Speaker of the Azad Kashmir Legislative Assembly
- In office 24 July 2001 – 24 July 2006
- Deputy: Sanaullah Qadri
- Preceded by: Chaudhry Abdul Majid
- Succeeded by: Shah Ghulam Qadir

Member of the Azad Kashmir Legislative Assembly
- In office 2009 – 30 July 2016
- Preceded by: Khalid Ibrahim Khan
- Succeeded by: Sagheer Ahmed Khan Chughtai
- Constituency: LA-20 Poonch & Sudhnoti-IV
- In office 24 July 2001 – 24 July 2006
- Preceded by: Khalid Ibrahim Khan
- Succeeded by: Khalid Ibrahim Khan
- Constituency: LA-20 Poonch & Sudhnoti-IV
- In office 1986–1991
- Preceded by: Constituency established
- Succeeded by: Mehmood Ahmed
- Constituency: Reserved seat for technocrats

Personal details
- Party: Pakistan Tehreek-e-Insaf (2021-2023)
- Other political affiliations: All Jammu and Kashmir Muslim Conference (mid 1960s-2016) Pakistan Muslim League (N) (2016-2021)
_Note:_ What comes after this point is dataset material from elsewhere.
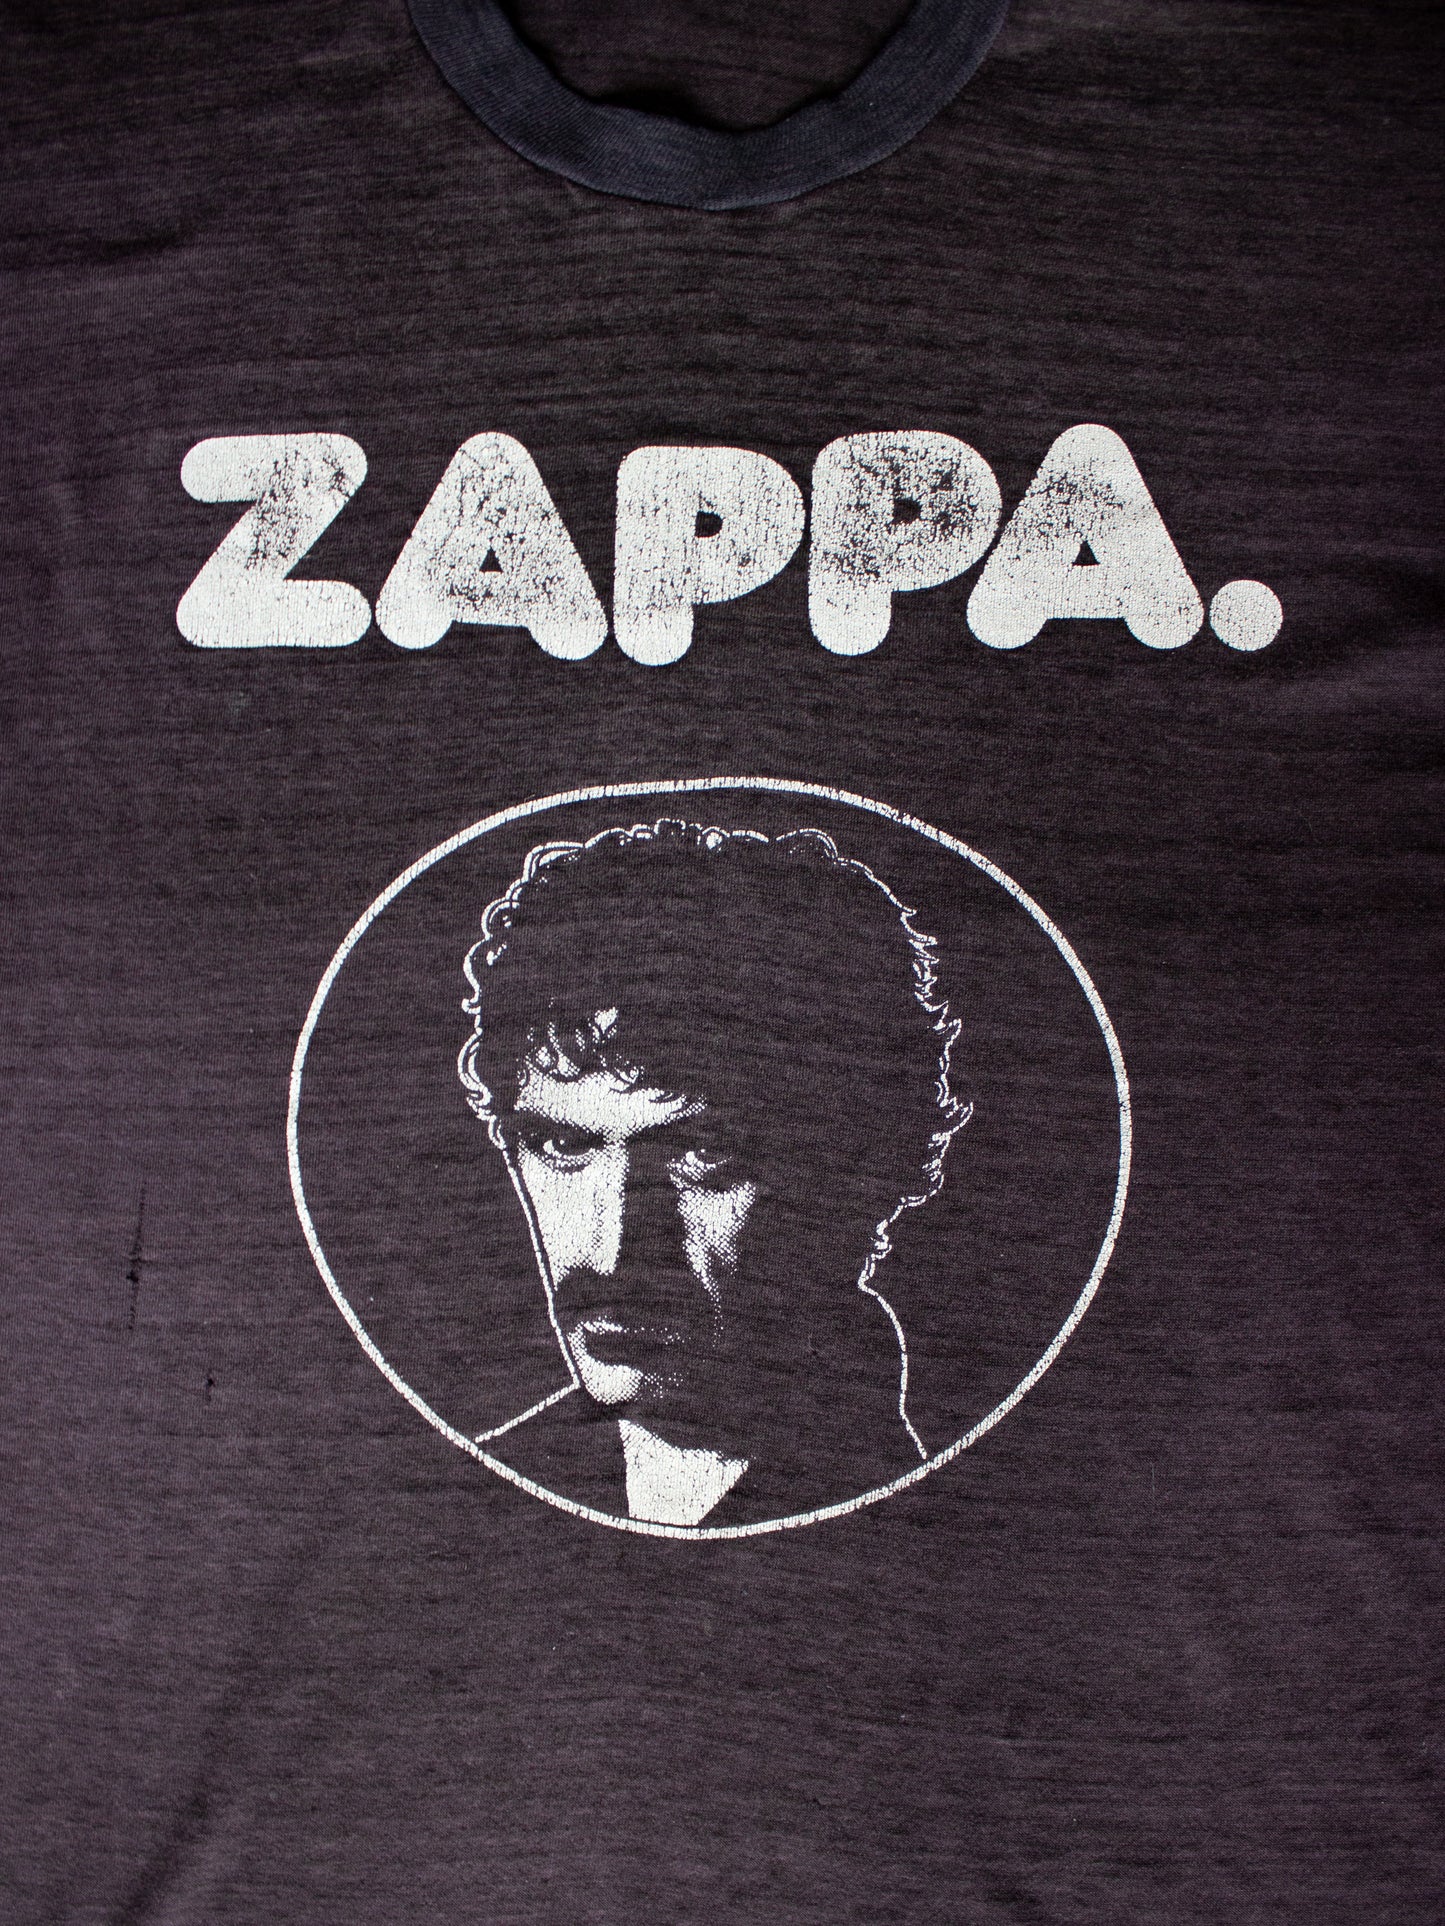 Original 1970's Frank Zappa "The Best" Tour T-Shirt (Medium)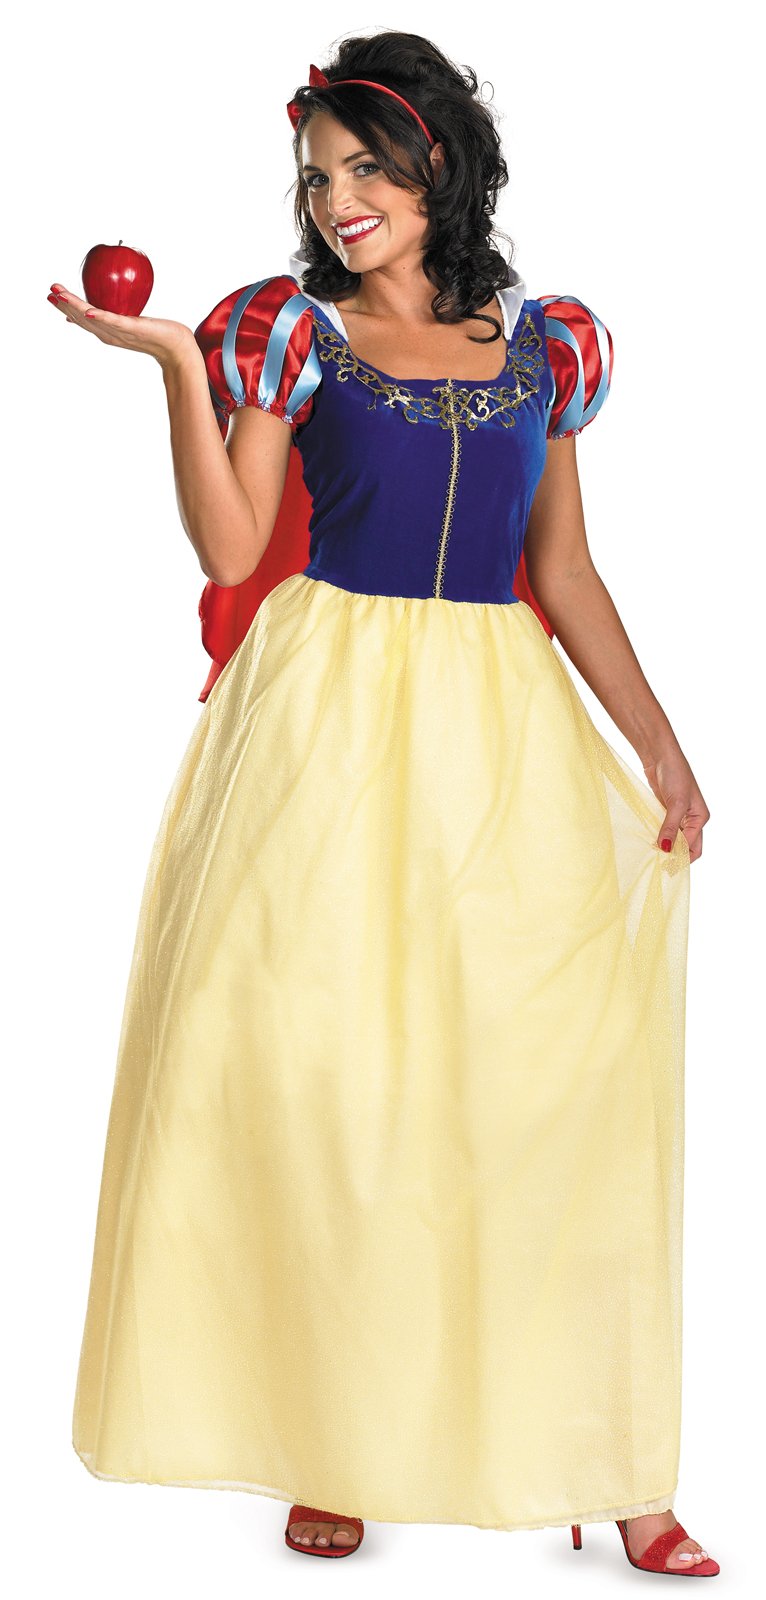 Snow White Deluxe Adult Plus Costume

= Muhammad Sayab Khalid Khan =

Pakistani politician (1940–2023)

Sardar Muhammad Sayab Khalid Khan (محمد سیاب خالد خان; 26 March 1940 – 20 March 2023) was a Pakistani politician. He was the Speaker of the Azad Kashmir Legislative Assembly from 24 July 2001 through 24 July 2006. He also served as a member of the Assembly from July 2001 to July 2006 and from 2009 to July 2016.

== Early life ==
Khan was born on 26 March 1940 in Pachiot near Rawalakot, Azad Kashmir. His father, Sardar Muhammad Ayub Khan, was a civil servant in Revenue Department of Azad Kashmir who topped the departmental exam and his grandfather Sardar Kala Khan was awarded a special honorarium of respect by Maharaja of Kashmir. His father died when he was a toddler and his education pursuits were supervised by his eldest sister Begum Naqqi Nazir Sharif with the help of Justice S. M. Sharif Khan. He completed his law degree from the University of Peshawar.

== Political career ==
In 1986, after the addition of six reserved seats to the Azad Kashmir Legislative Assembly under the Seventh Amendment to the Interim Constitution of Azad Jammu and Kashmir, Khalid was elected from a reserved seat for technocrats as a candidate of All Jammu and Kashmir Muslim Conference (AJKMC).

He was re-elected to the Assembly from LA-20 Poonch & Sudhnoti-IV as a candidate of AJKMC in the 2001 Azad Kashmiri general election.

After taking oath as a member on 24 July 2001, he was elected as Speaker of the Assembly. He received votes and defeated a candidate of Pakistan People's Party (PPP).

He contested the 2006 Azad Kashmiri general election from LA-20 Poonch & Sudhnoti-IV as a candidate of AJKMC, but was unsuccessful. He was defeated by Khalid Ibrahim Khan, a candidate of Jammu Kashmir Peoples Party.

He was re-elected to the Assembly from LA-20 Poonch & Sudhnoti-IV as a candidate of AJKMC in a 2009 by-election.

On 29 October 2009, he was sworn into the cabinet of Prime Minister Farooq Haider Khan, and was made the Minister for Trade and Industry and Rawalakot City Development Project.

On 12 August 2010, he was sworn into the cabinet of Prime Minister Attique Ahmed Khan, and was made the Minister for Law, Justice and Parliamentary Affairs.

He was re-elected to he Assembly from LA-20 Poonch & Sudhnoti-IV as a candidate of AJKMC in the 2011 Azad Kashmiri general election.

On 17 July 2016, he joined Pakistan Muslim League (N) (PML(N)).

He joined Pakistan Tehreek-e-Insaf (PTI) ahead of the 2021 Azad Kashmiri general election.

On 24 January 2022, was elected to the Azad Jammu and Kashmir Council as a candidate of PTI, and secured 31 votes.

== Death ==
He died on 20 March 2023. He had a stroke before his death and was receiving medical treatment.